ENBIS-18 in Nancy

2 – 25 September 2018; Ecoles des Mines, Nancy (France) Abstract submission: 20 December 2017 – 4 June 2018

Binary Test of Latent Ability: Evaluation & Design Problems

5 September 2018, 11:30 – 11:50


Submitted by
Emil Bashkansky
Emil Bashkansky (ORT Braude College of Engineering), Vladimir Turetsky (ORT Braude College of Engineering)
In recent years substantial progress in the analysis and interpretation of the binary test results has been achieved. Recall that we are talking about the simplest issue of uni-dimensional ability - a, when the test item performance of the object under test (OUT) can be explained by a single latent ability.
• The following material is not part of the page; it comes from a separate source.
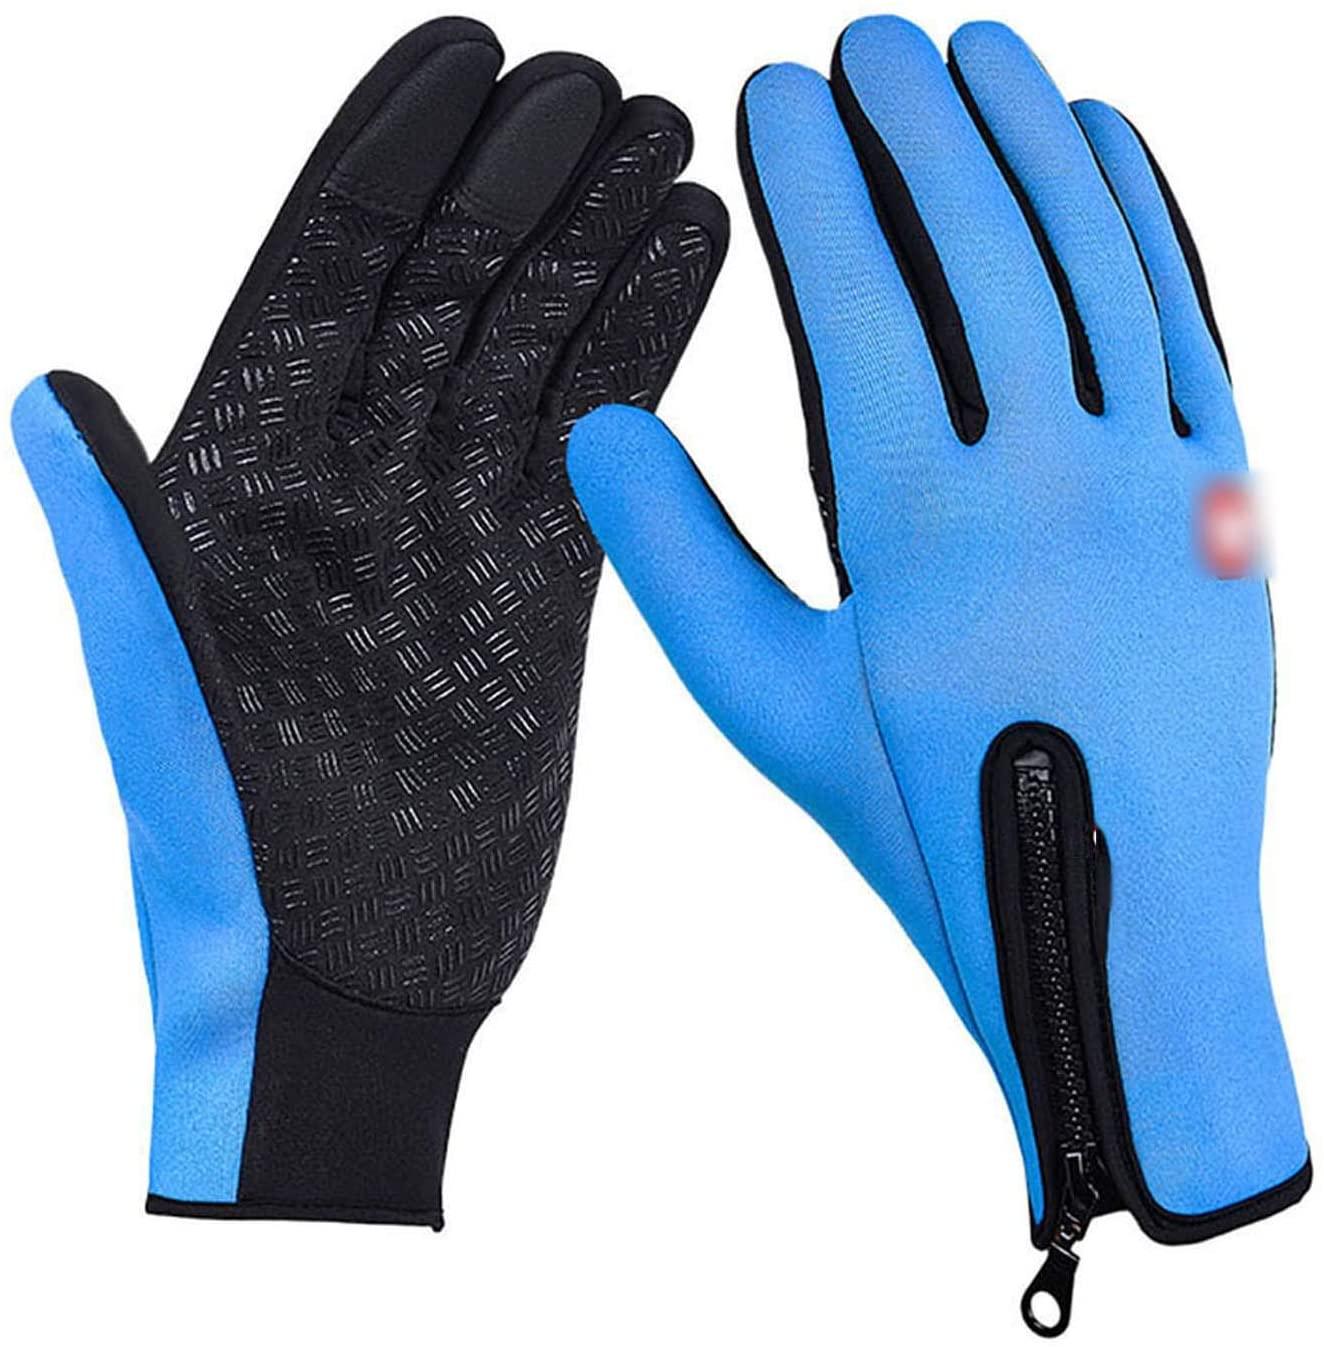 YR5V4V Winter Women Men Ski Snowboard Gloves Motorcycle Riding Waterproof Snow Windstopper Camping Leisure Skiing Gloves,YZ0228L,S,Ch
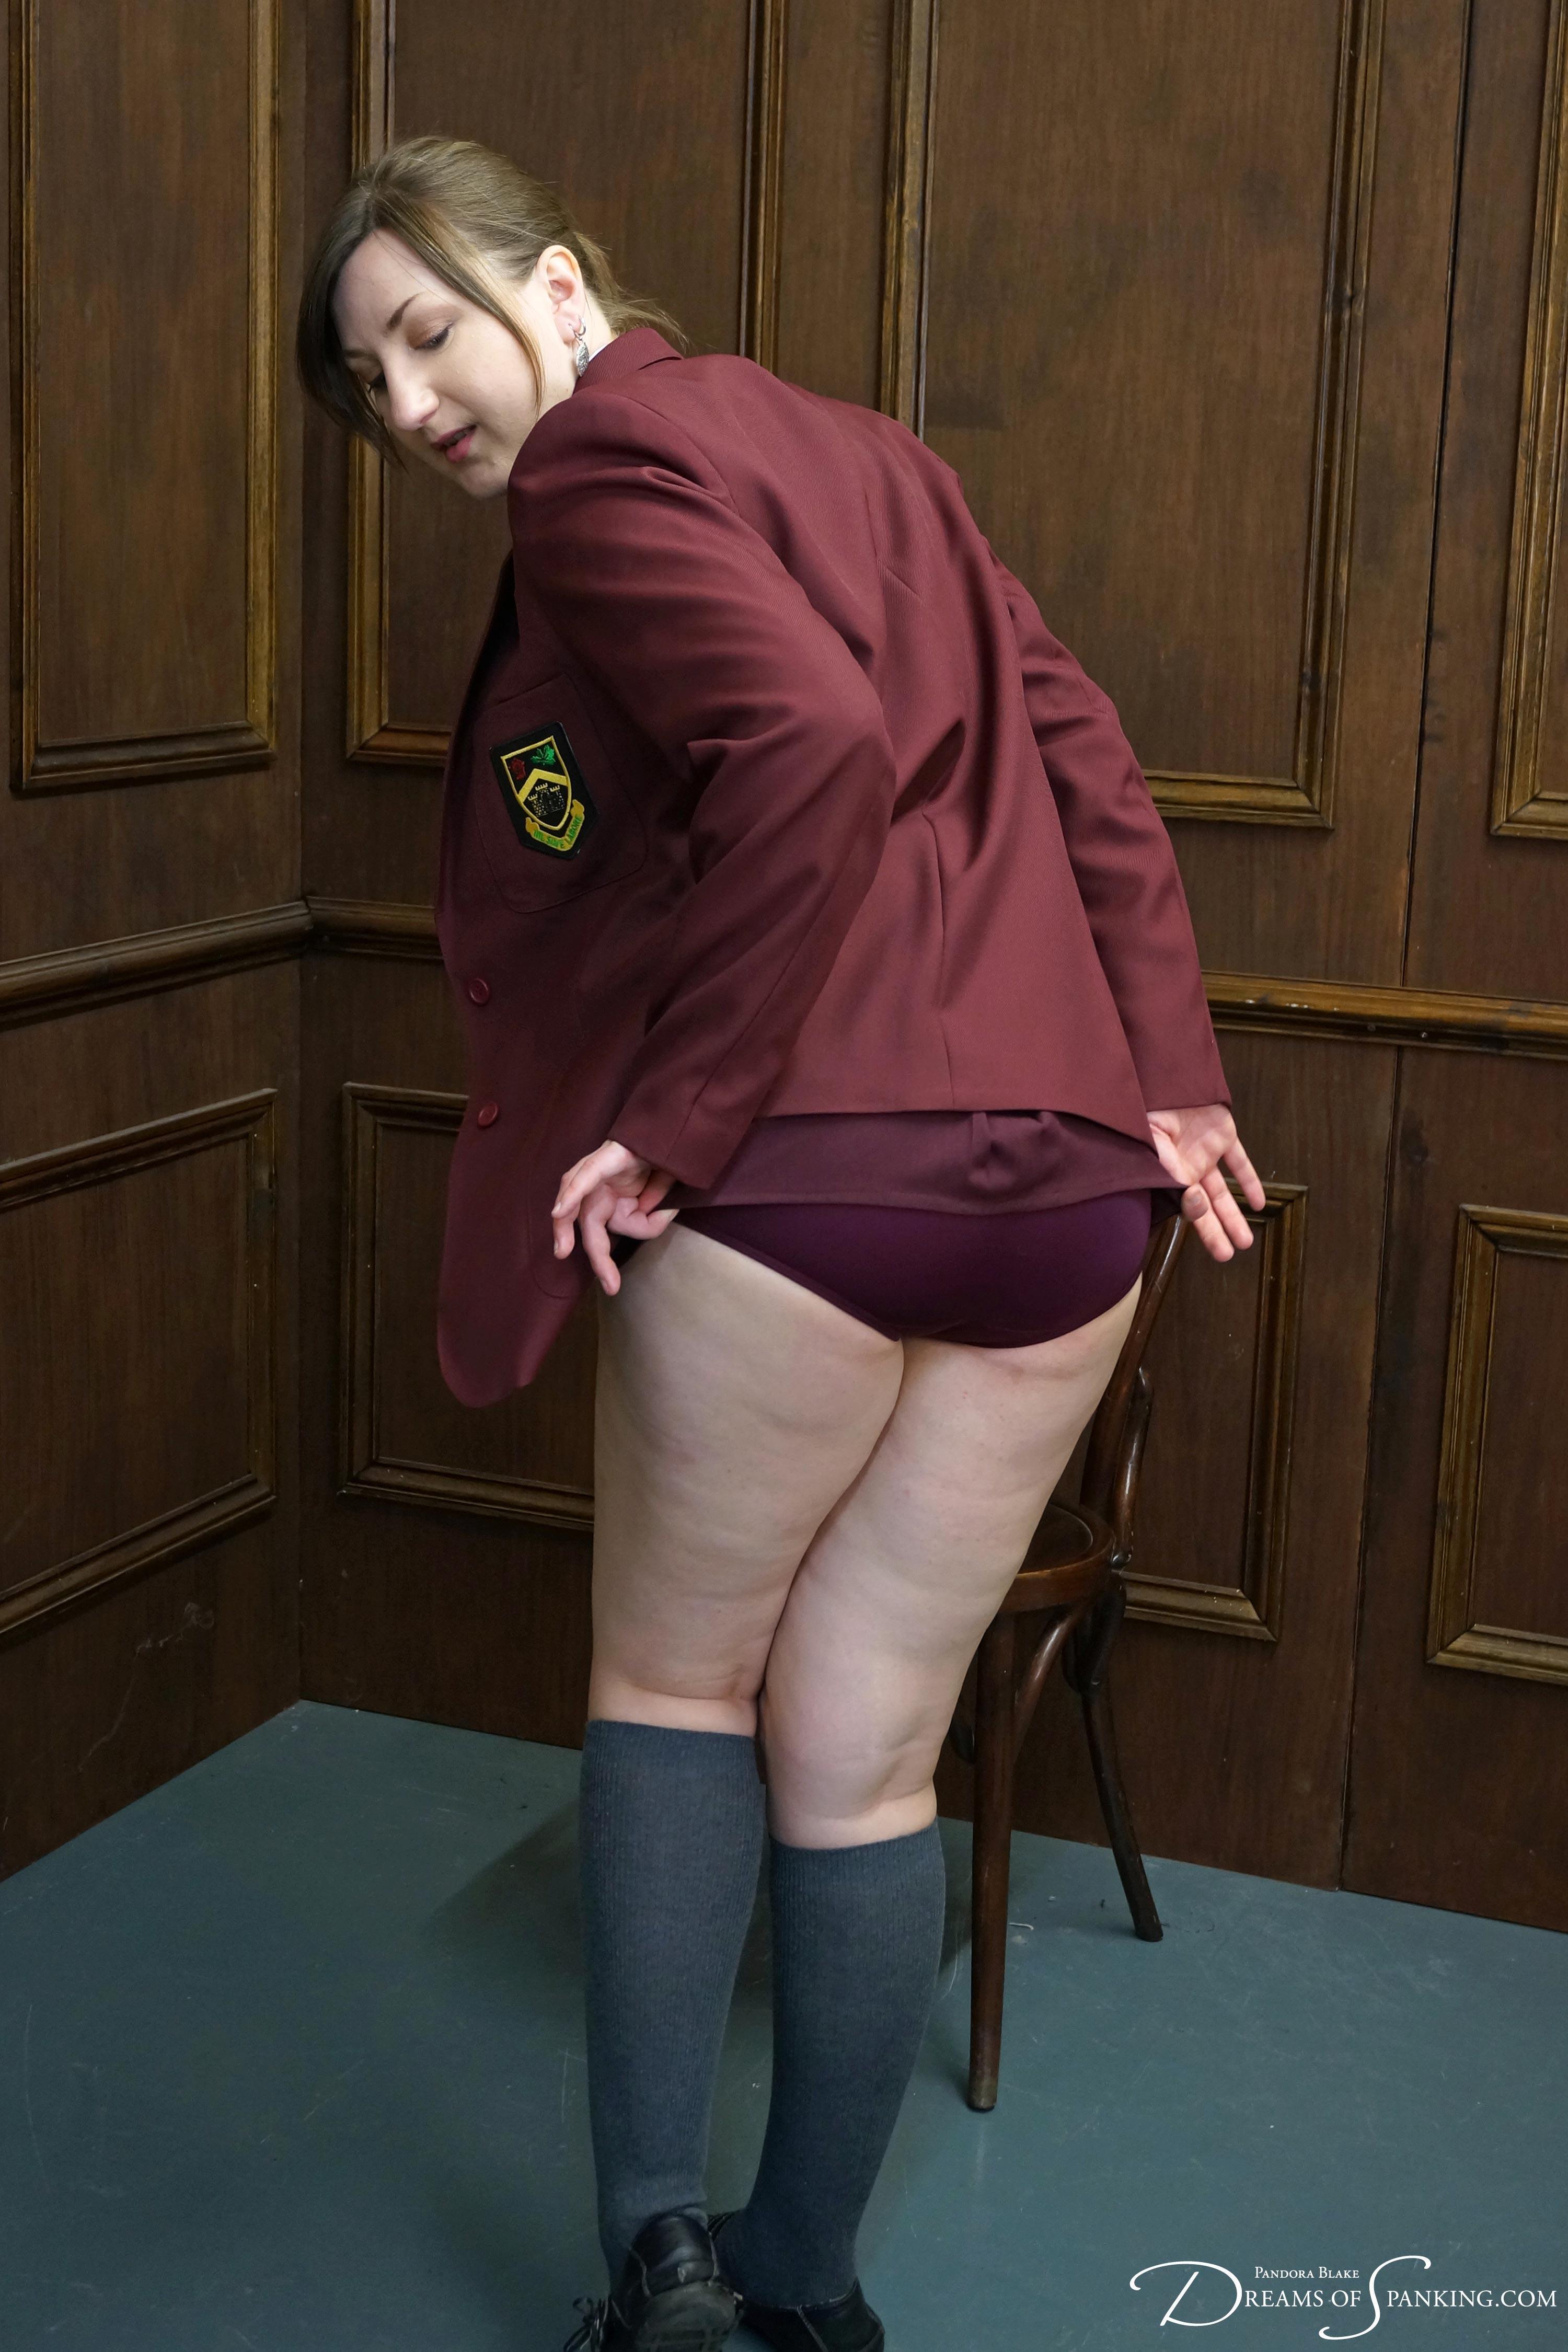 Spank over skirts

The test consists of a set of K test items, every test item response is estimated on the binary scale basis (pass/fail) and we need to evaluate the intrinsic ability of this OUT. Usually, it is assumed that the results of different test items, applied to the same OUT, are conditionally independent (i.e., the response to one test item does not affect the response to another). Given specific item response function (IRF) model, assessment of the tested ability usually is produced according to the principle of maximum likelihood estimation (MLE) or on the basis of Bayesian approach (if some preliminary information about the tested ability exists). When levels of test items difficulties are known beforehand, the problem solution is relatively easy, but when the amount of OUTs is bounded and levels of difficulties are unknown beforehand, analysis of the results faces significant computational difficulties. Nevertheless, in principle, the problem is solvable. However, at the moment when we think how to optimally allocate test resources, that is, how to choose the levels of test items difficulties, how many repetitions to perform for every level, what is the criterion of optimality etc., we come to the unexplored terra incognita. Our lecture is rather an attempt to describe a possible approaches and criteria to the test planning problem, than its complete solution. We will also treat some real applications of the proposed approach in education and antagonistic games.